See http://userweb.kernel.org/~akpm/stuff/added-to-mm.txt to find
out what to do about this

The current -mm tree may be found at http://userweb.kernel.org/~akpm/mmotm/

------------------------------------------------------
Subject: jbd: fix return value of journal_start_commit()
From: Jan Kara <jack@suse.cz>

journal_start_commit() returns 1 if either a transaction is committing or
the function has queued a transaction commit.  But it returns 0 if we
raced with somebody queueing the transaction commit as well.  This
resulted in ext3_sync_fs() not functioning correctly (description from
Arthur Jones): In the case of a data=ordered umount with pending long
symlinks which are delayed due to a long list of other I/O on the backing
block device, this causes the buffer associated with the long symlinks to
not be moved to the inode dirty list in the second phase of fsync_super. 
Then, before they can be dirtied again, kjournald exits, seeing the UMOUNT
flag and the dirty pages are never written to the backing block device,
causing long symlink corruption and exposing new or previously freed block
data to userspace.

This can be reproduced with a script created by Eric Sandeen
<sandeen@redhat.com>:

        #!/bin/bash

        umount /mnt/test2
        mount /dev/sdb4 /mnt/test2
        rm -f /mnt/test2/*
        dd if=/dev/zero of=/mnt/test2/bigfile bs=1M count=512
        touch /mnt/test2/thisisveryveryveryveryveryveryveryveryveryveryveryveryveryveryveryverylongfilename
        ln -s /mnt/test2/thisisveryveryveryveryveryveryveryveryveryveryveryveryveryveryveryverylongfilename
        /mnt/test2/link
        umount /mnt/test2
        mount /dev/sdb4 /mnt/test2
        ls /mnt/test2/

This patch fixes journal_start_commit() to always return 1 when there's
a transaction committing or queued for commit.

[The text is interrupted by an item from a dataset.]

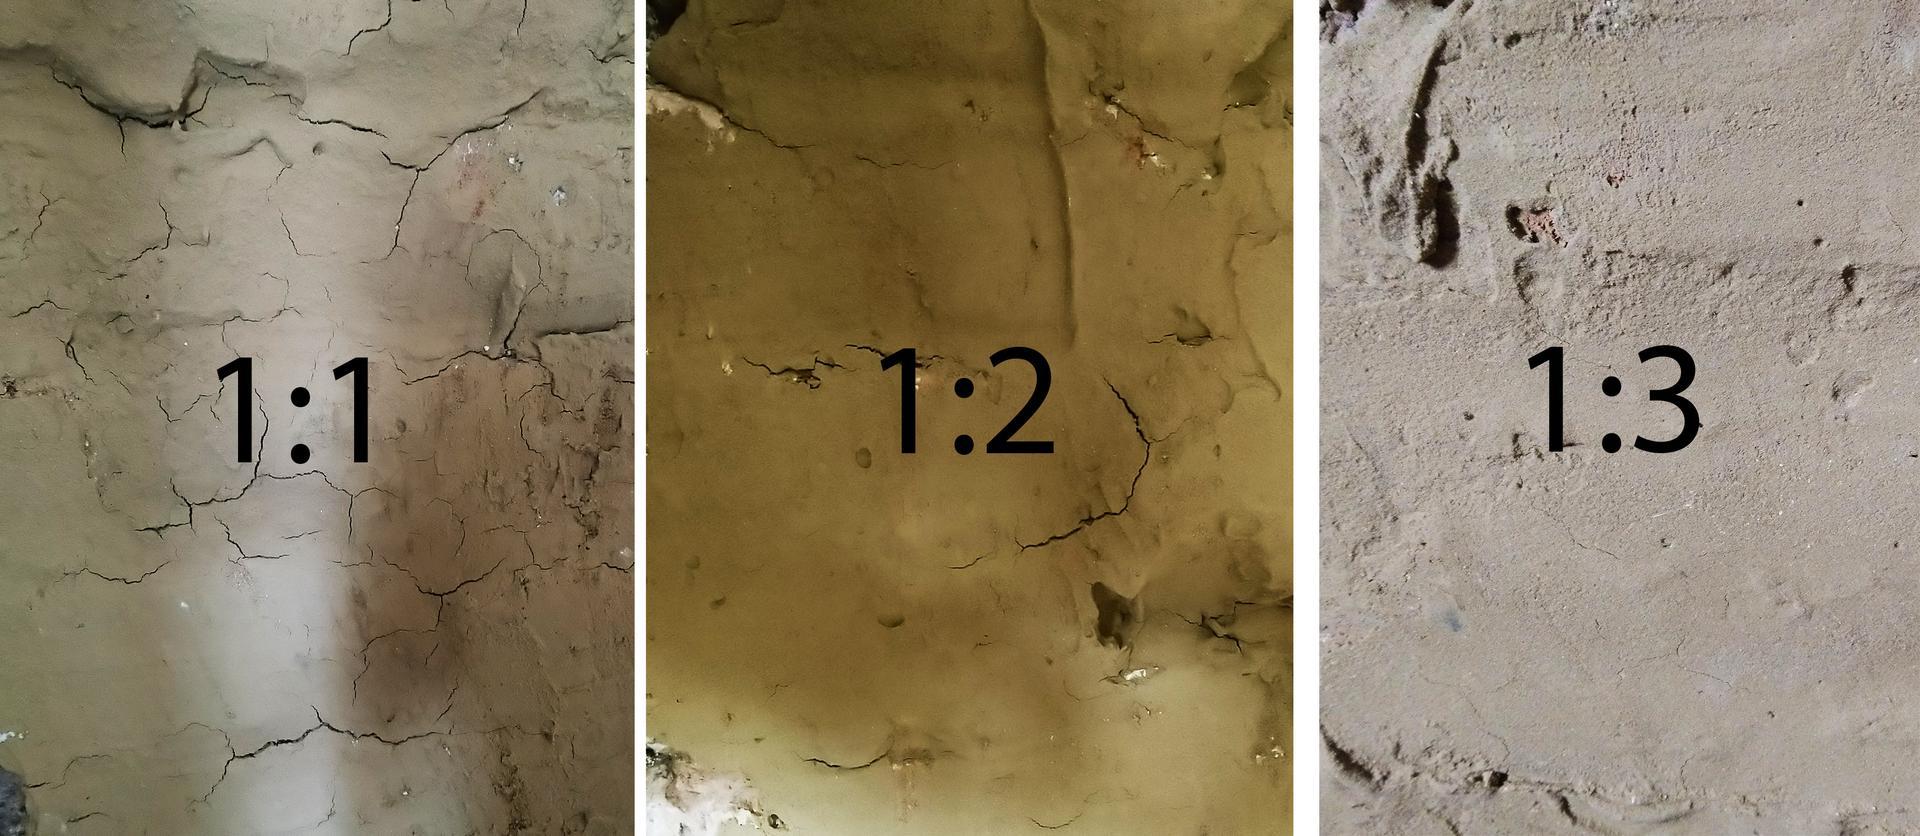 Hlinené omietky - Hlinená omietka je  zmes hliny a piesku. Správnu zmes nám odhalí tento test. Zmiešame si hlinu s pieskom v rôznych pomeroch a nanesieme na stenu. Omietka nesmie mat velké trhliny, ale ani byť  bez nich. Ideálne sú malé, 1 - 3 cm dlhé a pár mm široké

Cc: Eric Sandeen <sandeen@redhat.com>
Cc: Mike Snitzer <snitzer@gmail.com>
Cc: <linux-ext4@vger.kernel.org>
Signed-off-by: Jan Kara <jack@suse.cz>
Signed-off-by: Andrew Morton <akpm@linux-foundation.org>
---

 fs/jbd/journal.c |   17 +++++++++++------
 1 file changed, 11 insertions(+), 6 deletions(-)

Patch
diff mbox

diff -puN fs/jbd/journal.c~jbd-fix-return-value-of-journal_start_commit fs/jbd/journal.c
--- a/fs/jbd/journal.c~jbd-fix-return-value-of-journal_start_commit
+++ a/fs/jbd/journal.c
@@ -427,7 +427,7 @@  int __log_space_left(journal_t *journal)
 }
 
 /*
- * Called under j_state_lock.  Returns true if a transaction was started.
+ * Called under j_state_lock.  Returns true if a transaction commit was started.
  */
 int __log_start_commit(journal_t *journal, tid_t target)
 {
@@ -495,7 +495,8 @@  int journal_force_commit_nested(journal_
 
 /*
  * Start a commit of the current running transaction (if any).  Returns true
- * if a transaction was started, and fills its tid in at *ptid
+ * if a transaction is going to be committed (or is currently already
+ * committing), and fills its tid in at *ptid
  */
 int journal_start_commit(journal_t *journal, tid_t *ptid)
 {
@@ -505,15 +506,19 @@  int journal_start_commit(journal_t *jour
 	if (journal->j_running_transaction) {
 		tid_t tid = journal->j_running_transaction->t_tid;
 
-		ret = __log_start_commit(journal, tid);
-		if (ret && ptid)
+		__log_start_commit(journal, tid);
+		/* There's a running transaction and we've just made sure
+		 * it's commit has been scheduled. */
+		if (ptid)
 			*ptid = tid;
-	} else if (journal->j_committing_transaction && ptid) {
+		ret = 1;
+	} else if (journal->j_committing_transaction) {
 		/*
 		 * If ext3_write_super() recently started a commit, then we
 		 * have to wait for completion of that transaction
 		 */
-		*ptid = journal->j_committing_transaction->t_tid;
+		if (ptid)
+			*ptid = journal->j_committing_transaction->t_tid;
 		ret = 1;
 	}
 	spin_unlock(&journal->j_state_lock);